INFORMATION SUPPLIED

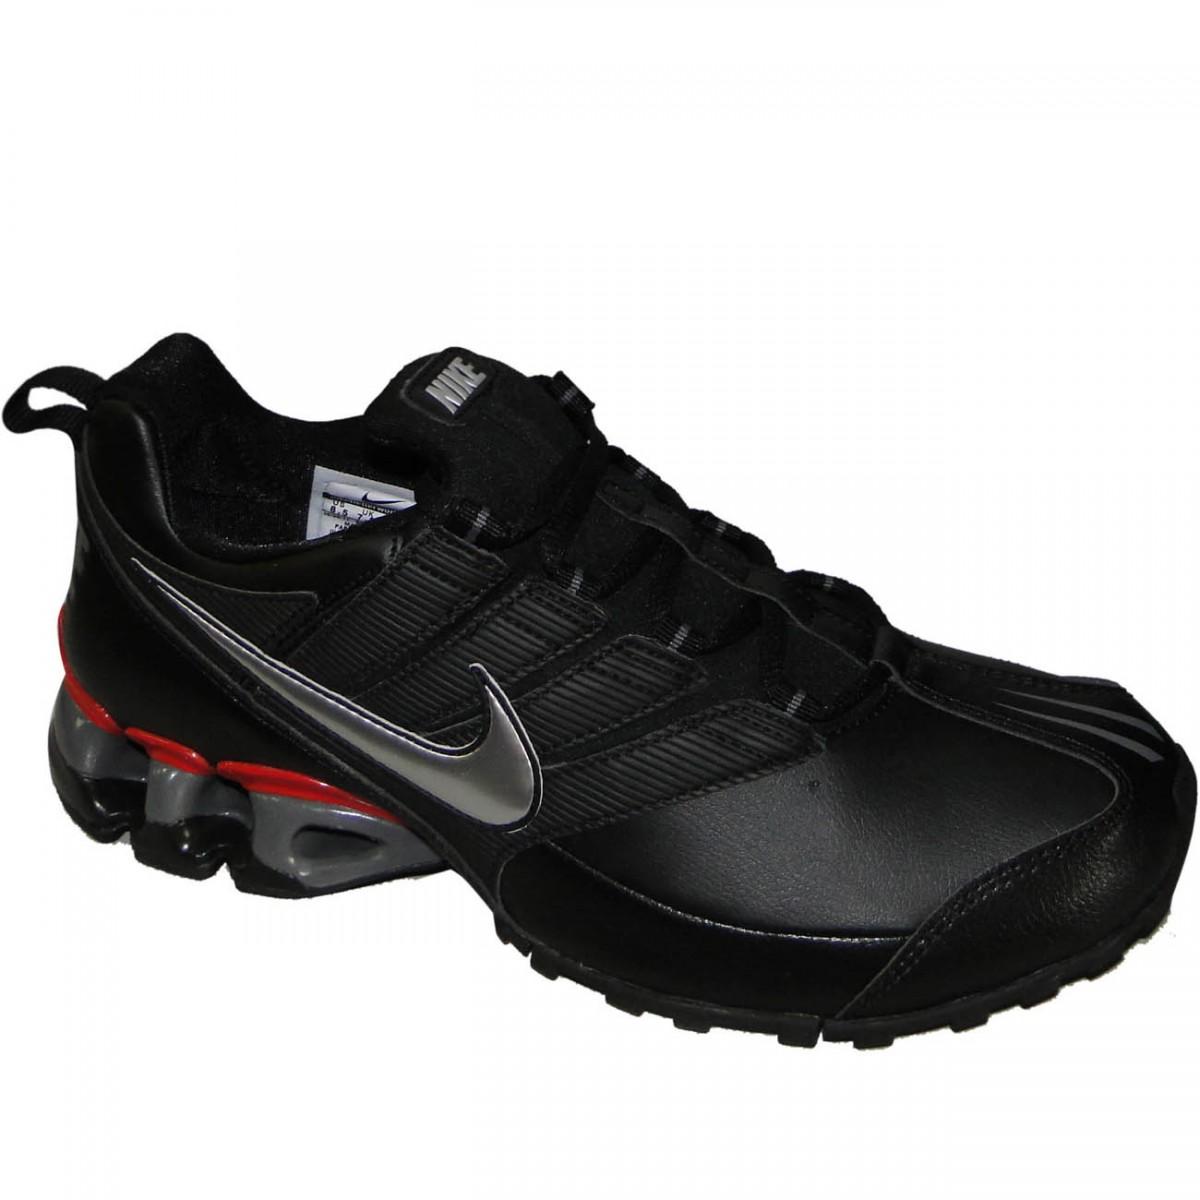 81f50df8fb8 Tenis Nike Impax Related Keywords   Suggestions - Tenis Nike Impax ...
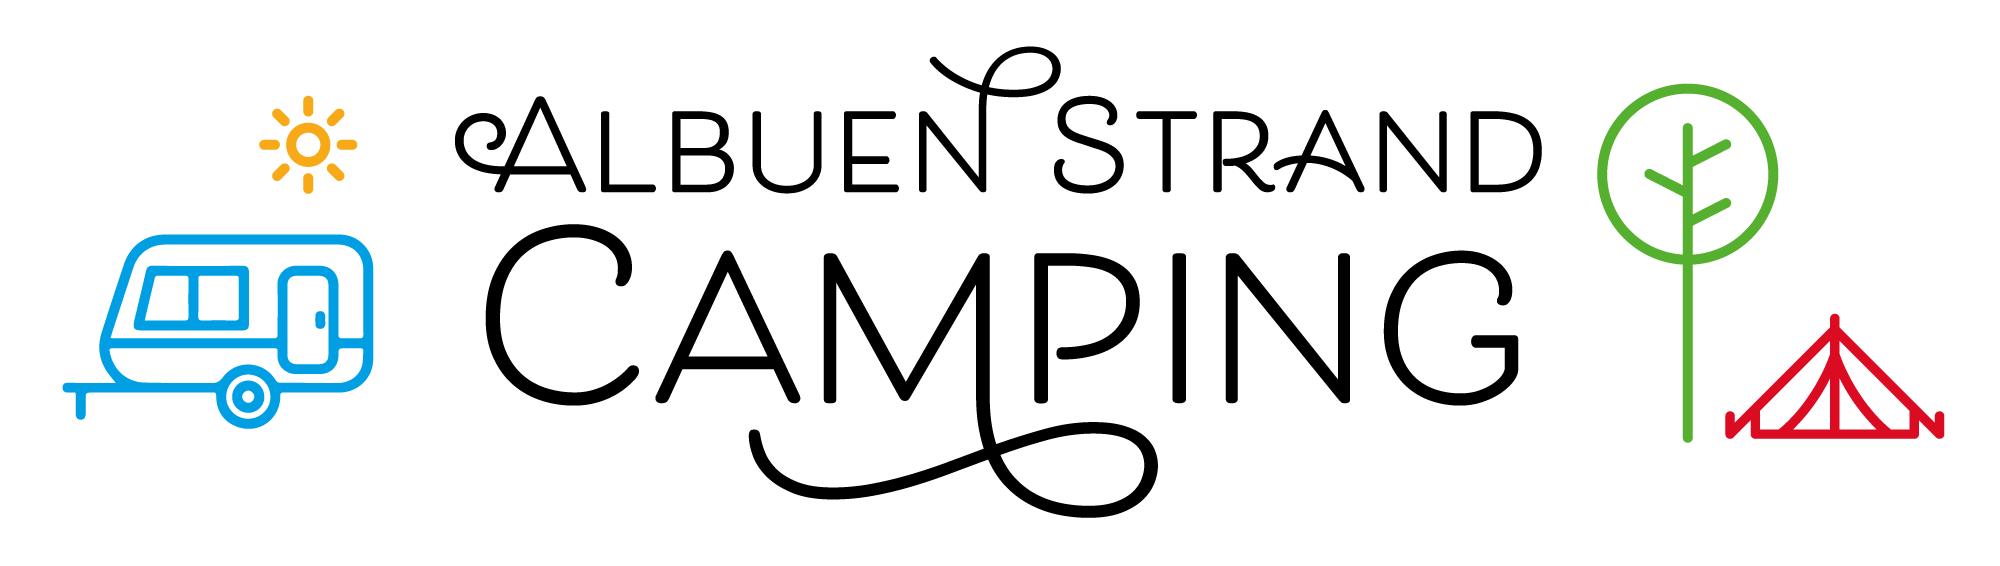 Albuen Strand Camping
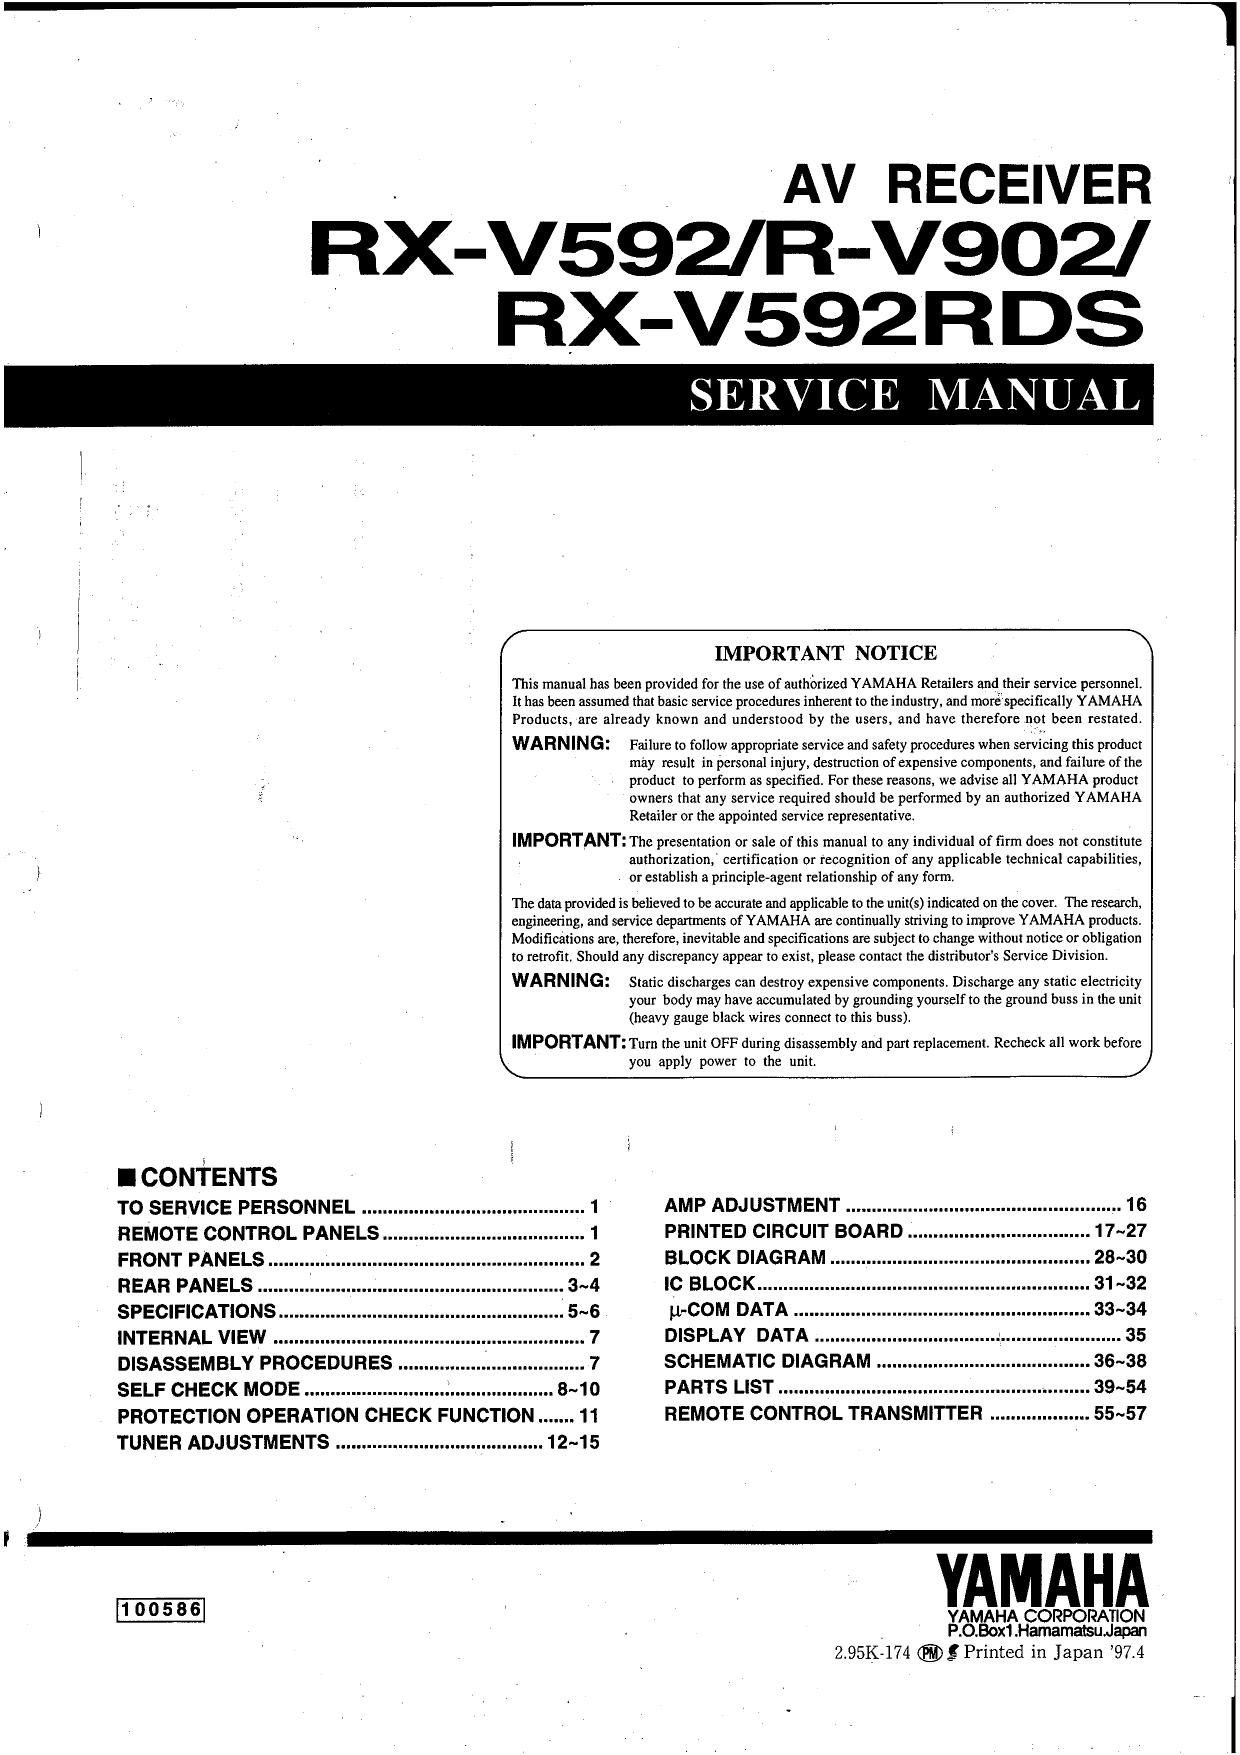 download free pdf for yamaha r v902 receiver manual rh umlib com Yamaha R6 Yamaha YZF-R1
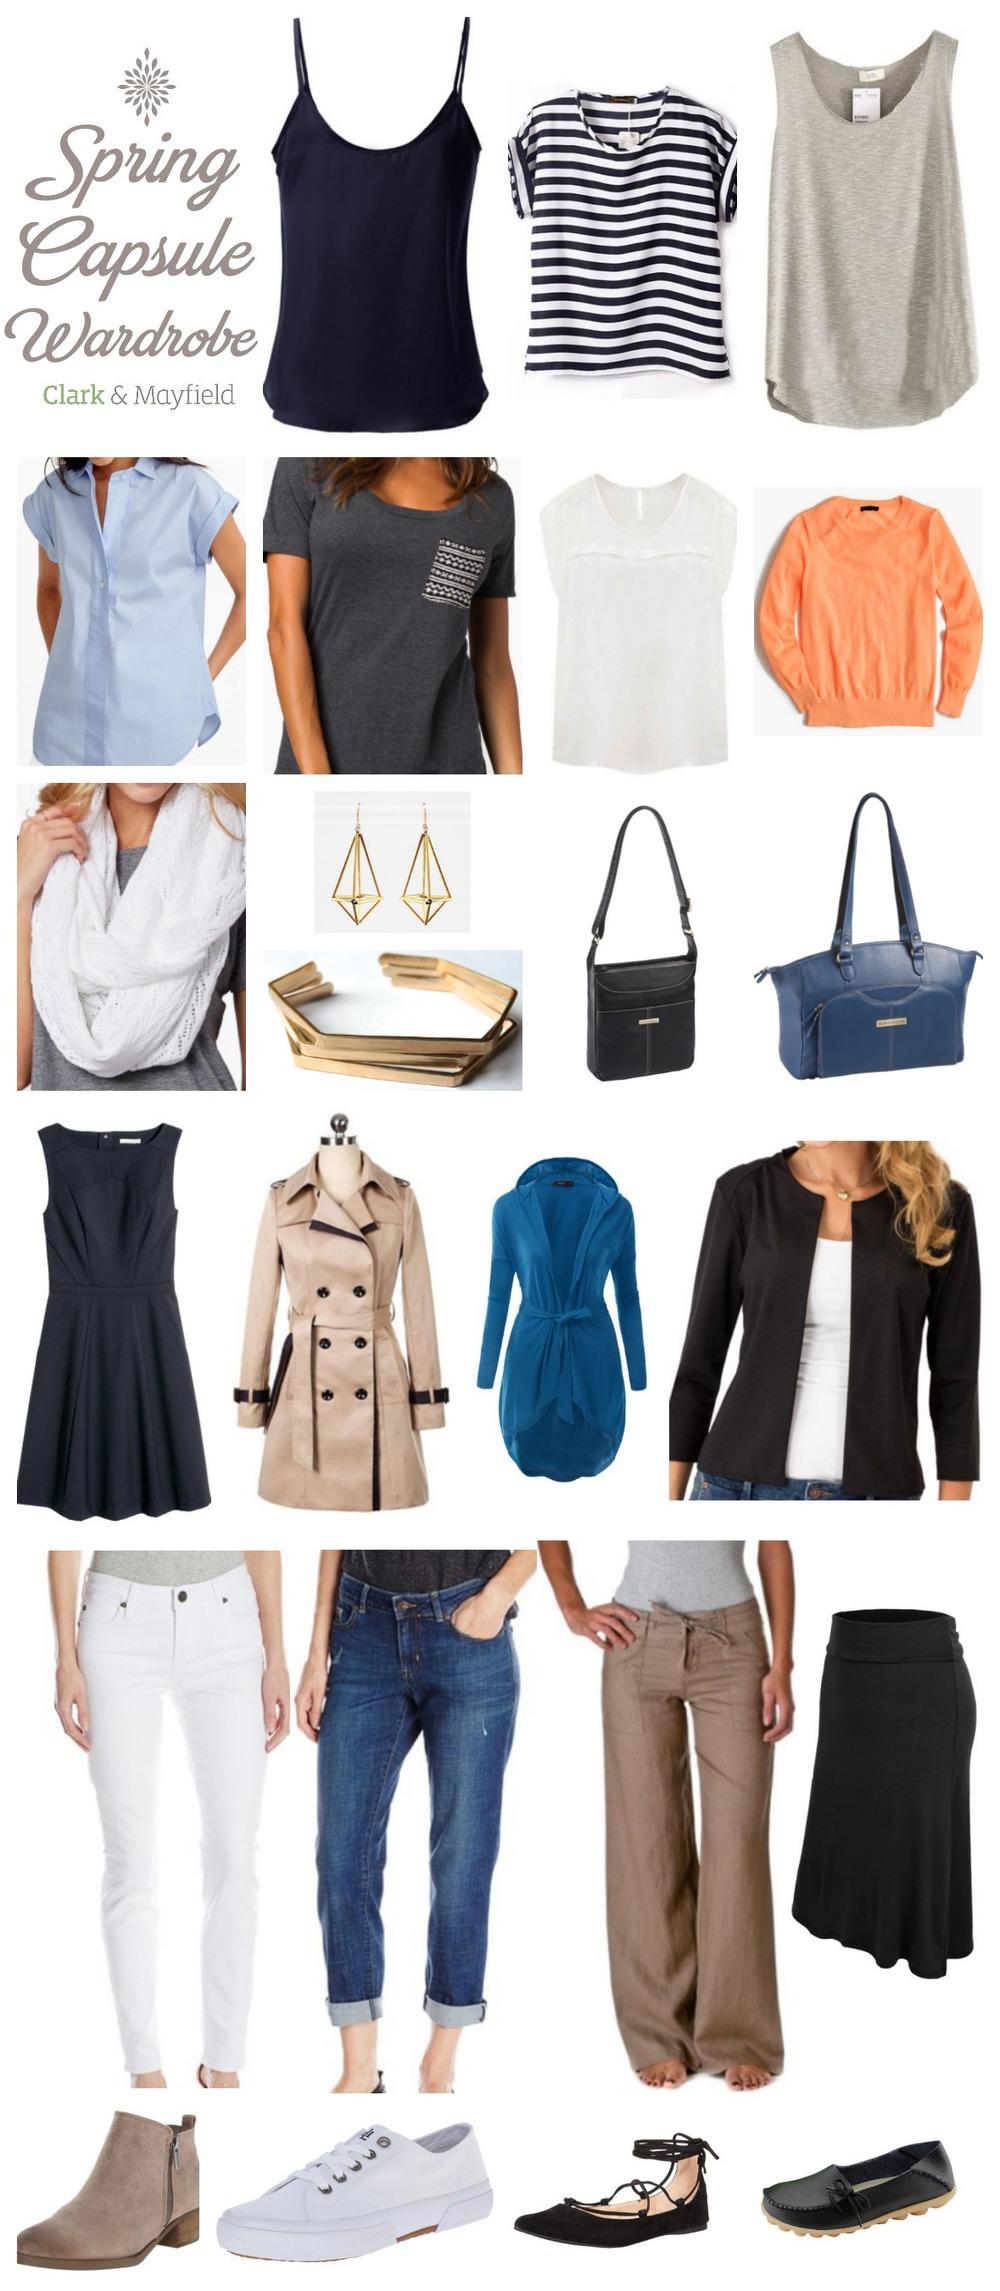 Spring Capsule Wardrobe C&M.jpg

WHAT IS EXPECTED
Print all the material above exactly, and drop the images.

OUTPUT FOR THIS EXERCISE
 81f50df8fb8 Tenis Nike Impax Related Keywords   Suggestions - Tenis Nike Impax ...
 Albuen Strand Camping
 download free pdf for yamaha r v902 receiver manual rh umlib com Yamaha R6 Yamaha YZF-R1
 Spring Capsule Wardrobe C&M.jpg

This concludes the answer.